Между тем, особое место эроса в поэзии Бенедиктова налицо. Иные строки, может быть, и отмеченные вкусовым просчётом, прежде всего, балансировали на грани допустимой в то время литературной нормы. Так скандально знаменитая «Наездница», «гордяся усестом красивым и плотным», нынче уже не вызовет протеста у блюстителей хорошего тона, зато, как это ни странно, «несоединимость» элементов её продолжает служить объектом насмешек и сегодня, в эпоху концептуальной поэзии. Ещё литературоведы любят посмеяться над тем, как «чудная влекла к себе и сердца железные персями магнитными». Гораздо реже цитируются строки о «выси благодатной, прозрачной, трепетной, двухолмной, двураскатной». Или о женской причёске:
Вы, пряди чёрные, задёрнутые мглой!
Вы, верви адские, облитые смолой,
Щипцами демонов закрученные свитки!
Снаряды колдовства, орудья вечной пытки!
Или, в другом месте, вообще о кудрях,
С их неистовым извивом
С искрой, с отблеском, с отливом
И закрученных, как сталь,
В бесконечную спираль!
Или о женском платье:
И вьются в ловком беспорядке,
И шепчут шорохом надежд
Глубокомысленные складки
Её взволнованных одежд.
В личной жизни он, видимо, был отчаянно несчастлив, притом сексуальные соблазны, как это зачастую бывает, приобретали над ним поистине магическую власть. И если не менее рьяный эротизм Пушкина, Полежаева, Лермонтова запросто вытеснялся в неподцензурные списки, над Бенедиктовым трагические частные обстоятельства главенствовали. И, конечно же, такой странный эротический идеализм, к тому же расцветший среди реалий чиновничьего быта и городского просторечия, не мог не сказаться на стиле и манере поэтического письма, не породить фрагментарность и эклектику. Так, более цельная картина личности ввиду обстоятельств индивидуальной судьбы и особенностей дара производила (особенно на глаз недоброжелателя) комический эффект дурновкусия. Здесь же, однако, таились новые возможности поэтической речи.
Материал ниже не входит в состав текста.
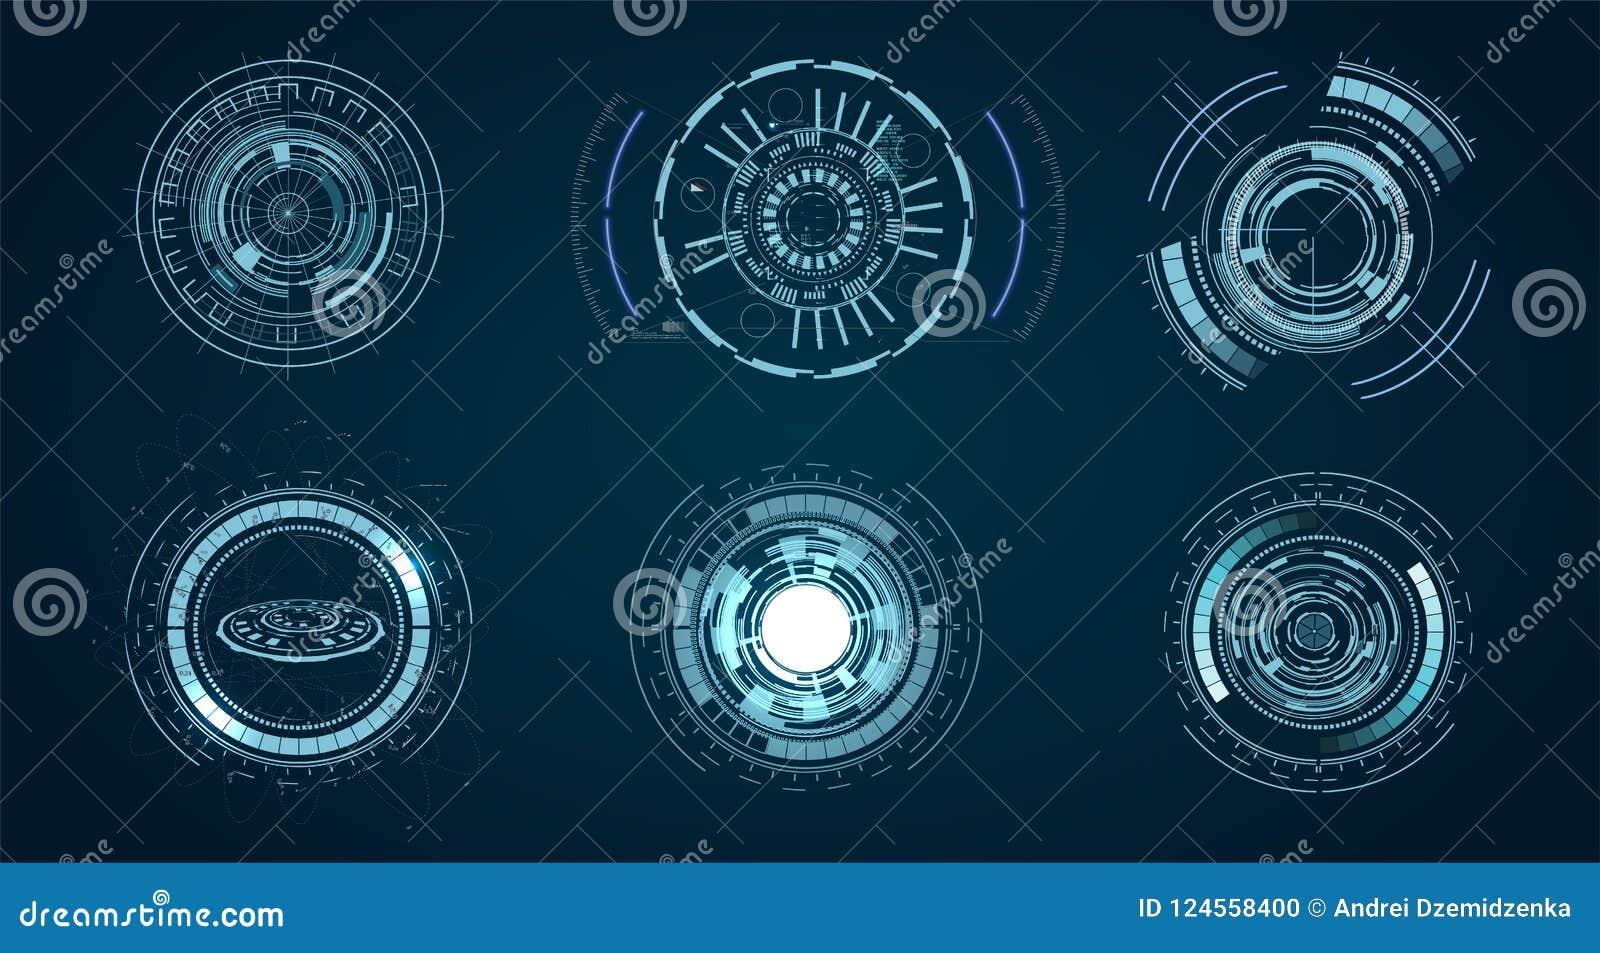 Technologische HUD-Elemente, futuristische Schnittstellenvirtuelle realität Futuristische Schablone Hud Kreis digital vom Technol

Согласно устоявшейся традиции, Бенедиктова принято ругать (хотя и с некоторыми оговорками) не только за явные неудачи, какими, к примеру, являются без конца склоняемая критиками «пара чёрненьких очей», или же «сердцегубка» в смысле «губительница сердца». Вообще: за сложность и неуёмную экспрессию развёрнутых метафор, многочисленные неологизмы (Яков Полонский насчитал их более 140, а ведь чего стоит одна только «Колесница небес безотъездная»!), за восходящие к архаике словоупотребления, такие как, скажем, «юных прелестей рассадник», отпрыски вместо брызги, чреватая в смысле беременная, выспренняя в смысле воздушная, сокровенная в смысле сокрытая или уже цитированные здесь взволнованные складки. Между тем, в большинстве своём эти лексически уязвимые вольности в контексте стихотворения звучат достаточно органично и непредвзятый слух не столько режут, сколько поражают. Они, более того, возвращают некоторые вещи к их изначальной природе, тем самым обнажая истоки их, вопреки утверждению Лидии Гинзбург, что поэзия Бенедиктова – это «смешение вещей, как бы утративших своё первоначальное назначение». Не случайно, что в послании другу юности поэт вспоминает, как некогда они
...слив в безмолвии сердца,
Ещё чего-то от Творца
Как недосозданные ждали, –
И лёгкой струйкою в крови
Текло предвкусие любви...
Вообще, с какой стороны ни подойди, все упреки бенедиктовской музе кажутся натянутыми и преувеличенными. Ну, были мутившие поэтический разум соблазны пола, было чрезмерное увлечение экспериментаторством, были в этом нелёгком деле свои вкусовые сбои (у кого же их не было!). Но ведь были и редкостные рифмы, и метрическое разнообразие, и ещё пластическая находчивость, и ещё неожиданные повороты мысли, и ещё много такого, чему в русской поэзии XIX века просто не найти аналога! Одного только никак нельзя поставить Бенедиктову в упрёк: цинизма и безбожия. Зато искрометная, но незлая ирония порой состязается в изобретательности с искусством «кокетки», когда, кружась в свете, та силится пробить «мерзлую кору» его
Хоть чем-нибудь – соблазном, ложью,
Поддельной в этих персях дрожью,
Притворным пламенем в крови,
Притравой жгучей сладострастья,
Личиной муки, маской счастья,
Карикатурою любви...
А вот у Пушкина тон разговора на ту же тему, помнится, был холодным и светским. «Ещё пристало им (то бишь её старшей дочери и его меньшому брату – И.К.) любить, а нам уже пора злословить», – вразумляет он свою «кокетку».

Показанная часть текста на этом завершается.